One of the most frustrating things about internal communication is to see so many top practitioners struggling to get sufficient budgets and remits to make a sufficient difference to their businesses.
While it’s a function of continuing executive perceptions of IC as a “corporate megaphone” as opposed to a turbocharger of strategy, it also reflects the fact that communication professionals and the profession as a whole have done a lousy job of demonstrating the value we add to our organizations and society.
Simply put, we measure the wrong stuff.
Most popular measurements are linear, like ROI (return on investment), but most comms work focuses on outcomes, which are binary.
As in:
- Whether we achieved the objective or hit the target.
- Whether we closed the sale.
- Whether we integrated the acquisition successfully or opened the new train line on schedule.
We help businesses win a lot of all-or-nothing bets. But since there's rarely a linear way to measure them, our contribution gets discounted. We get pressurized to focus on outputs instead of outcomes solely because outputs are more easily measured in a linear way, like clicks and open rates, even though they offer little demonstrable value.

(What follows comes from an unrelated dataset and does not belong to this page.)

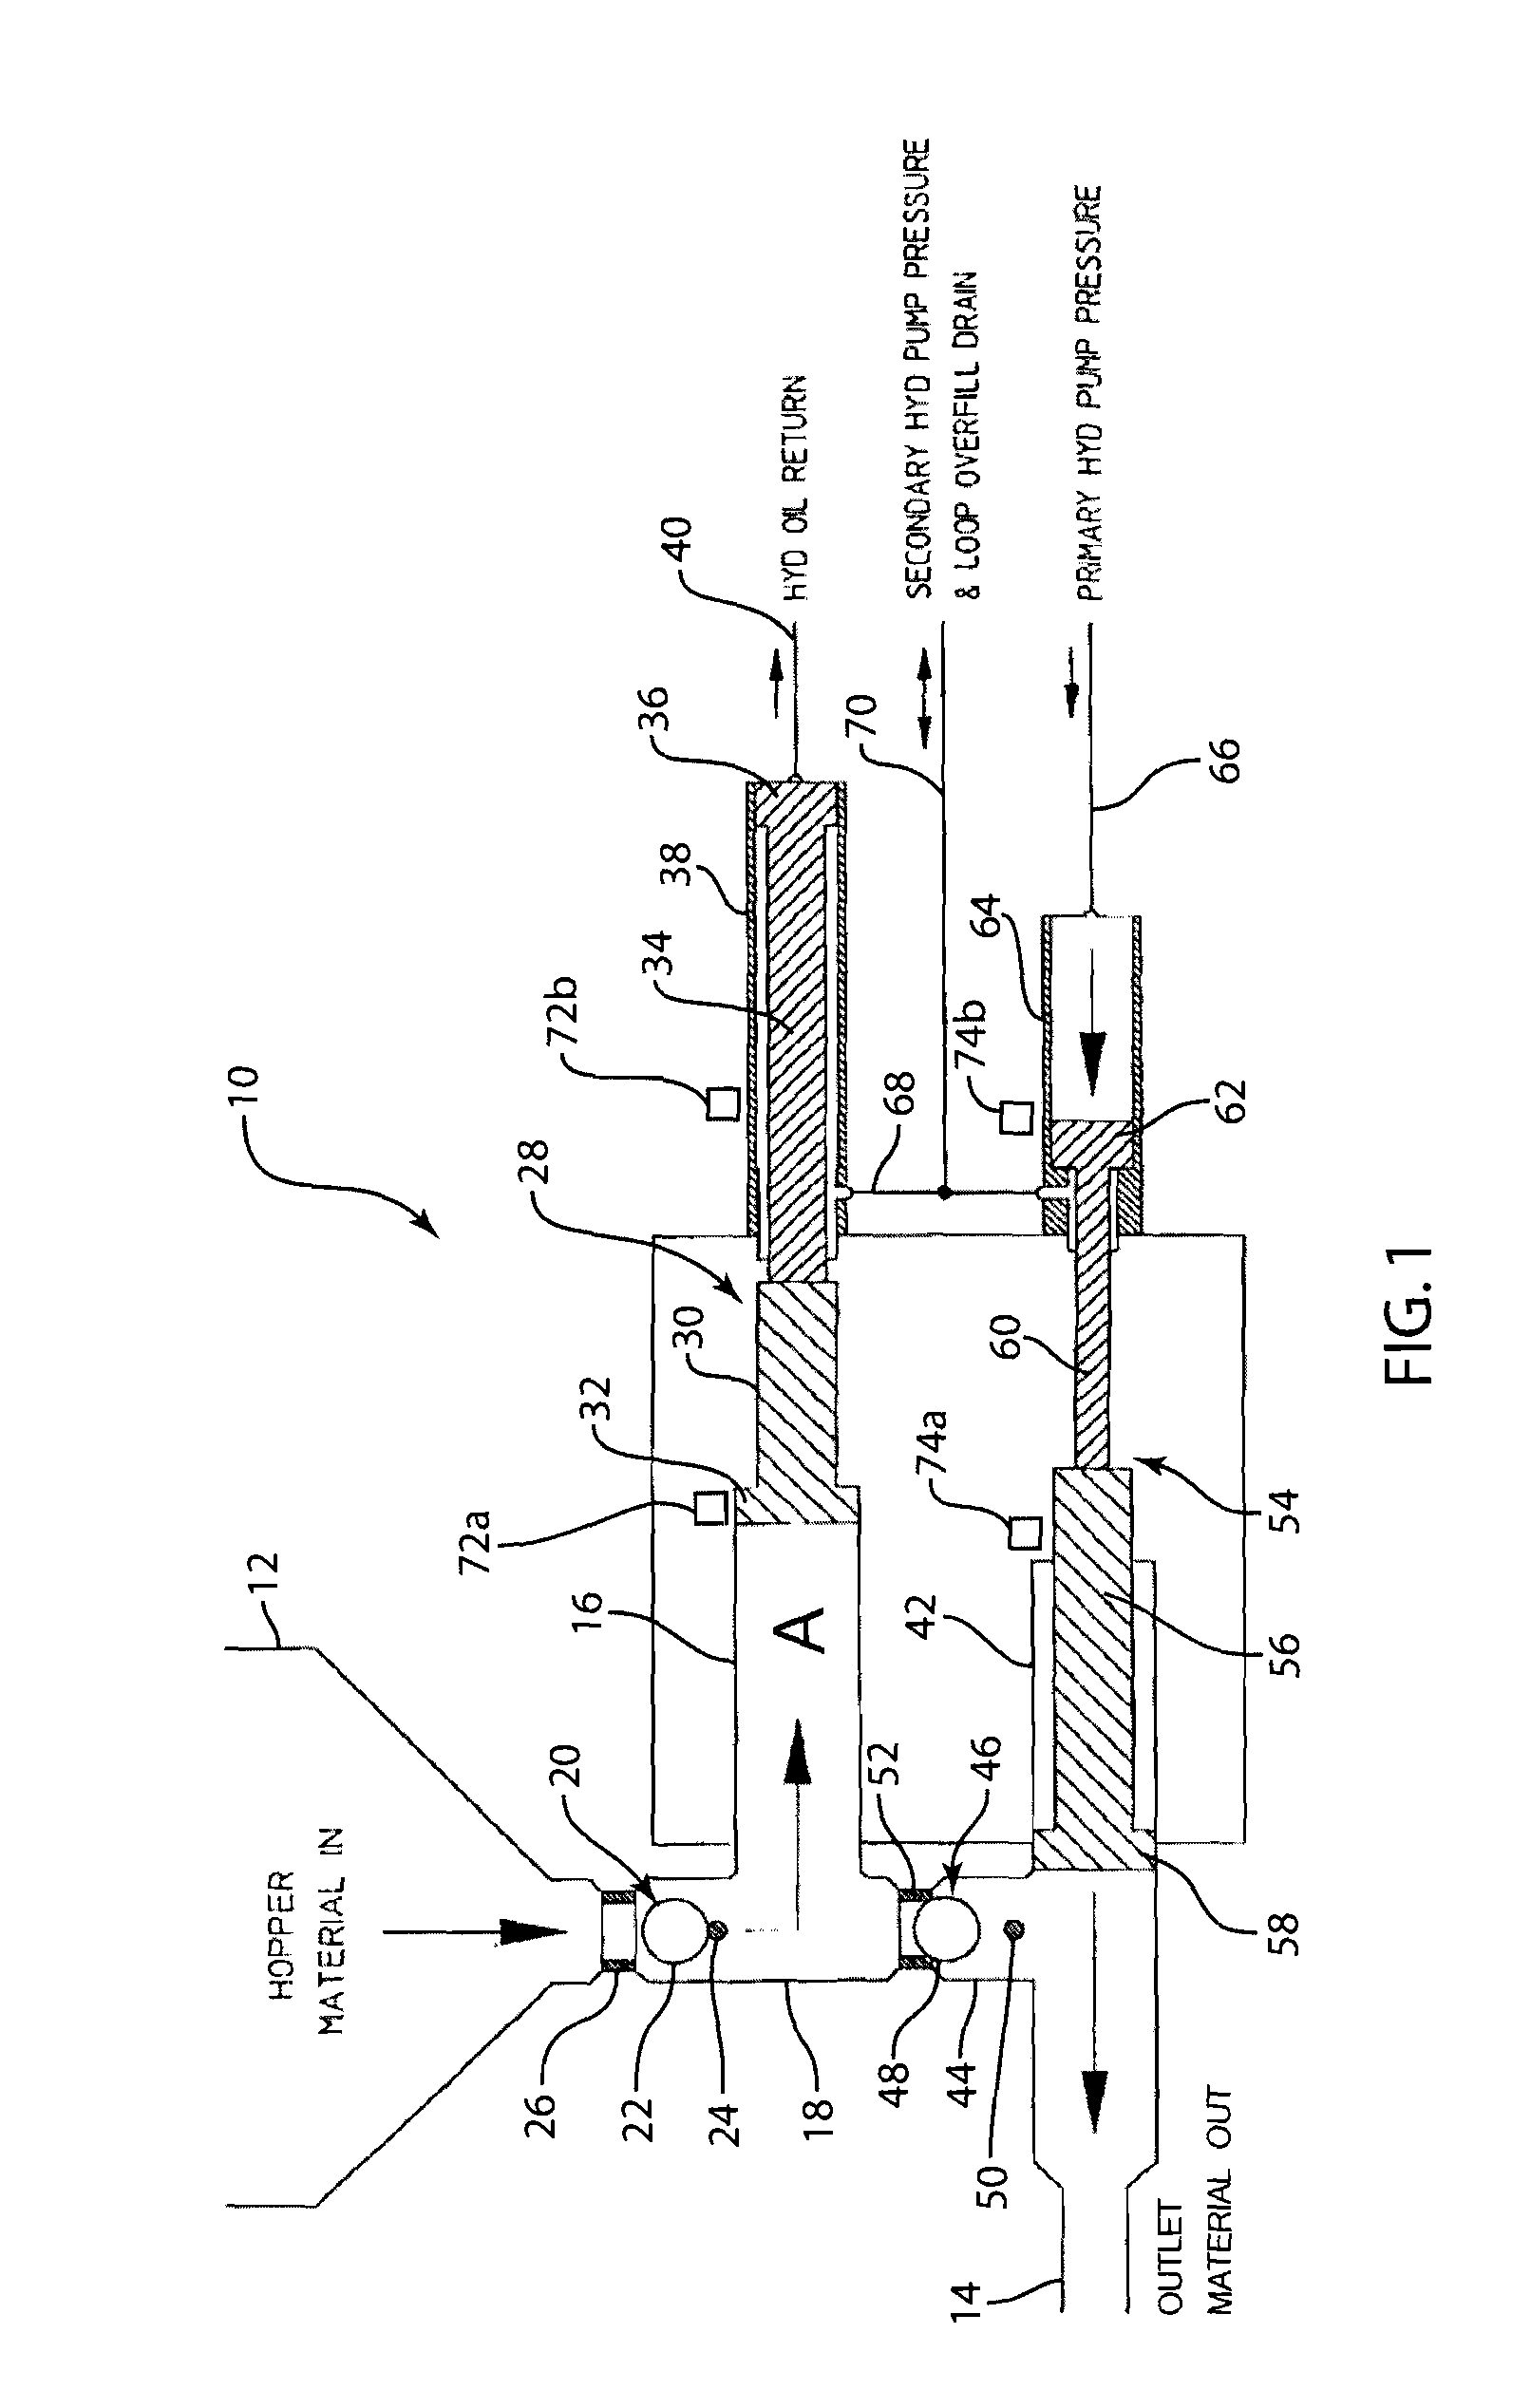 Unequal length alternating hydraulic cylinder drive system for continuous material output flow with equal material output pressure

We're not alone in this. Other disciplines face similar pressures, like my previous game of political campaign management. US political pollster Mark Mellman (whom I worked with 30 years ago) reviewed a study claiming that the ROI of individual communication pieces was basically zero and concluded that campaign expenditures were essentially worthless. Mellman countered that all of these pieces have a cumulative effect, and after all, an election is a binary outcome.
ROI has its use; online analytics have their uses. But what we do as communication professionals ultimately involves having cumulative impact on a lot of binary outcomes. Our future as professionals may well depend on us getting far better at documenting the dollar value and impact of those outcomes so that we are seen as essential as the recovery unfolds.
Developing and honing business strategy is a pivotal aspect of a communicator’s role. Our role’s essential elements include leading clients through message development, analyzing intended impact on desired outcomes and competitive dynamics, and ultimately developing a coherent strategy for the initiative in question. All of these are binary - did it or didn’t do it - activities, and they generally build up to binary outcomes. Trying to elicit the value of three hours spent doing the middle third of an analysis makes no sense.
Communicators are skilled thought leaders. When we identify areas requiring change or improvement, we begin planting seeds of change with key influencers - some of whom may be outside the intended target audience but whose support may have even more impact on the outcome.
This is not to say ROI is worthless. Where there is a genuine proportional relationship between investment and impact, ROI can be a simple, satisfying answer, and can buy time (and budget) for a team, function or project to continue on.
But more often than not, it tends to chronically understate our impact and systemically undersells our value. In today’s cutthroat cash-conservation climate, we need to find a better way to make a case for ourselves, and we need to do it soon.